Centre for High-Throughput Biology, Department of Biochemistry and Molecular Biology, University of British Columbia, Vancouver, BC, Canada.
J Proteome Res. 2010 Apr 5;9(4):1902-12. doi: 10.1021/pr901063t.
The proteome of any cell or even any subcellular fraction remains too complex for complete analysis by one dimension of liquid chromatography-tandem mass spectrometry (LC-MS/MS). Hence, to achieve greater depth of coverage for a proteome of interest, most groups routinely subfractionate the sample prior to LC-MS/MS so that the material entering LC-MS/MS is less complex than the original sample. Protein and/or peptide fractionation methods that biochemists have used for decades, such as strong cation exchange chromatography (SCX), isoelectric focusing (IEF) and SDS-PAGE, are the most common prefractionation methods used currently. There has, as yet, been no comprehensive, controlled evaluation of the relative merits of the various methods, although some binary comparisons have been made. Here, we compare the most popular methods for fractionating samples at both the protein and peptide level, replicating all analyses to provide estimates of the variability in the analyses and controlling precisely for instrument time dedicated to each analysis, as well as directly measuring the recovery of protein or peptide from each fractionation procedure. For maximal proteome coverage, SDS-PAGE is very clearly the most effective method tested, with more than 90% of the entire data set found. When considering the amount of material recovered after each fractionation procedure, solution-based IEF and SCX performed similarly, with approximately 80% of the input being recovered.

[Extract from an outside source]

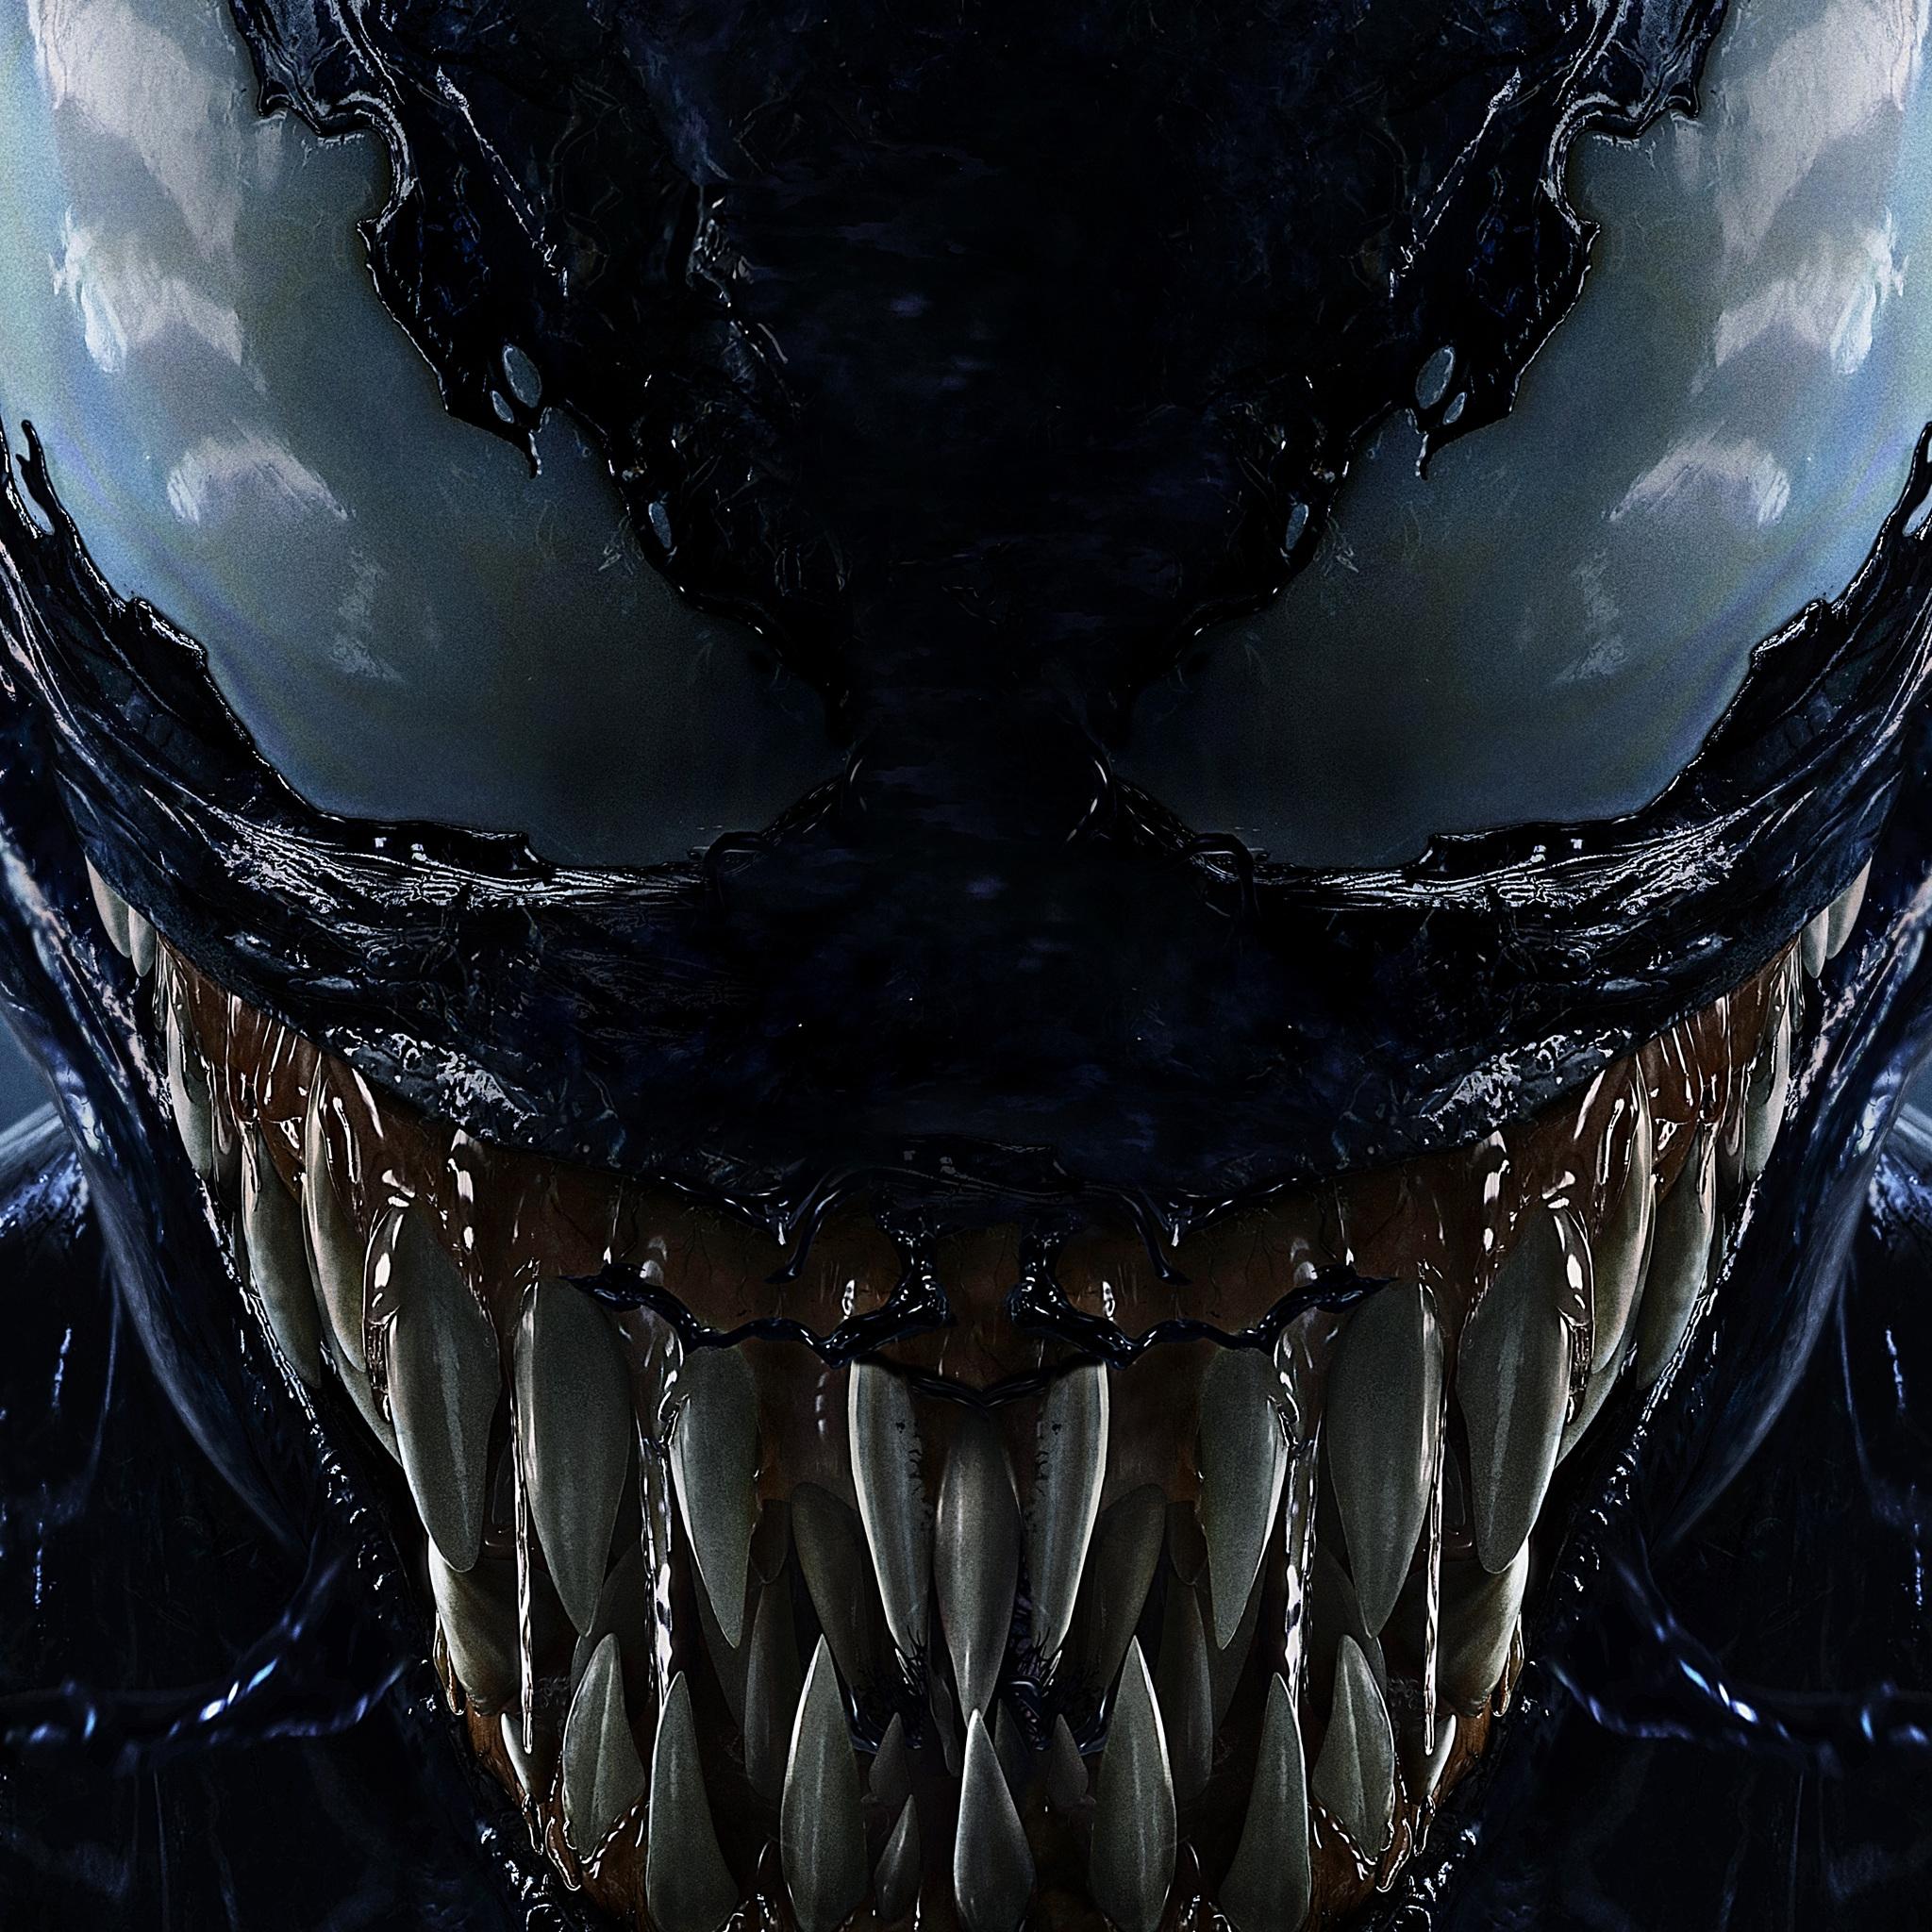 venom-movie-2018-10k-key-art-l1.jpg

任何细胞甚至任何亚细胞部分的蛋白质组都太复杂,无法通过一维液相色谱-串联质谱(LC-MS/MS)进行完全分析。因此,为了更深入地覆盖感兴趣的蛋白质组,大多数研究小组通常在 LC-MS/MS 之前对样品进行亚组分,以便进入 LC-MS/MS 的物质比原始样品更简单。几十年来,生物化学家使用的蛋白质和/或肽分级方法,如强阳离子交换色谱(SCX)、等电聚焦(IEF)和 SDS-PAGE,是目前最常用的预分级方法。尽管已经进行了一些二元比较,但迄今为止,还没有对各种方法的相对优点进行全面、对照评估。在这里,我们比较了在蛋白质和肽水平上分离样品的最流行方法,对所有分析进行了复制,以提供对分析中变异性的估计,并精确控制每个分析所花费的仪器时间,以及直接测量从每个分级程序中回收的蛋白质或肽的量。为了获得最大的蛋白质组覆盖范围,SDS-PAGE 显然是经过测试的最有效的方法,超过 90%的整个数据集都是通过这种方法找到的。当考虑到每种分级程序后回收的材料量时,基于溶液的 IEF 和 SCX 的性能相似,约有 80%的输入被回收。